Beyond Rewards and Punishments
Common Assumptions Questioned
Two studies that call into question the ideas that:
- If you reward something, do you get more of the behavior you want?
- If you punish someone, you get less of the behavior you want.
Mechanical Tasks
As long as the task involved used only a mechanical skill the bonuses worked as expected. Higher pay = better performance. That makes sense.
For simple, straightforward tasks reward mechanisms work great.
Cognitive Tasks
Once the task called for rudimentary cognitive skill the larger the reward led to poorer performance.

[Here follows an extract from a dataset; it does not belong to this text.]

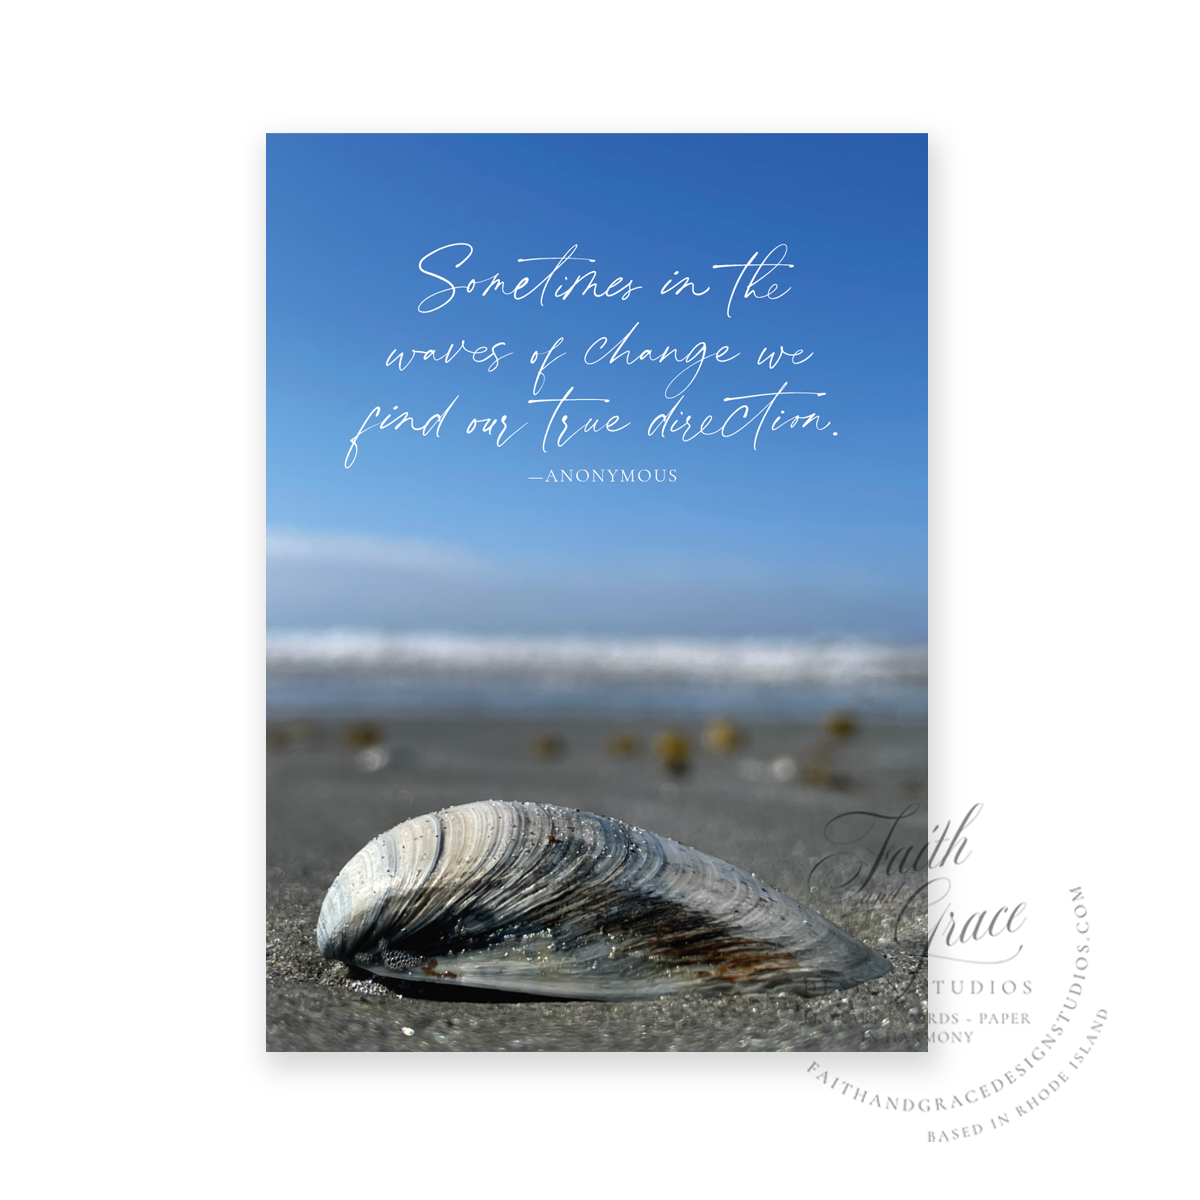 Photo of shell on Easton's Beach in Newport set against blue sky Greeting Card

When a task gets more complicated, it requires some conceptual, creative thinking, those types of motivators don’t work.
The Role of Money
Fact: Money is a motivator. If you don’t pay enough, people won’t be motivated.
Pay people enough to take the issue of money off the table. So pay people enough to take money off the table so they aren’t thinking about money, but rather the task/work at hand.
Three Factors for Better Performance
Autonomy
The desire to be self-directed
Mastery
The urge to get better at stuff
Purpose
More organizations want a transcendent purpose
Traditional notions of management run foul of this. Management is great if you want compliance but if you want engagement, self-directed is better.
The Power of Purpose
When the profit motive gets unmoored from the purpose motive, bad things happen.
“Our goal is to be disruptive but in the cause of making the world a better place.”
— Skype
“I want to put a ding in the universe.”
— Steve Jobs
We are purpose maximizers, not profit maximizers. We care about mastery very deeply and we want to be self-directed.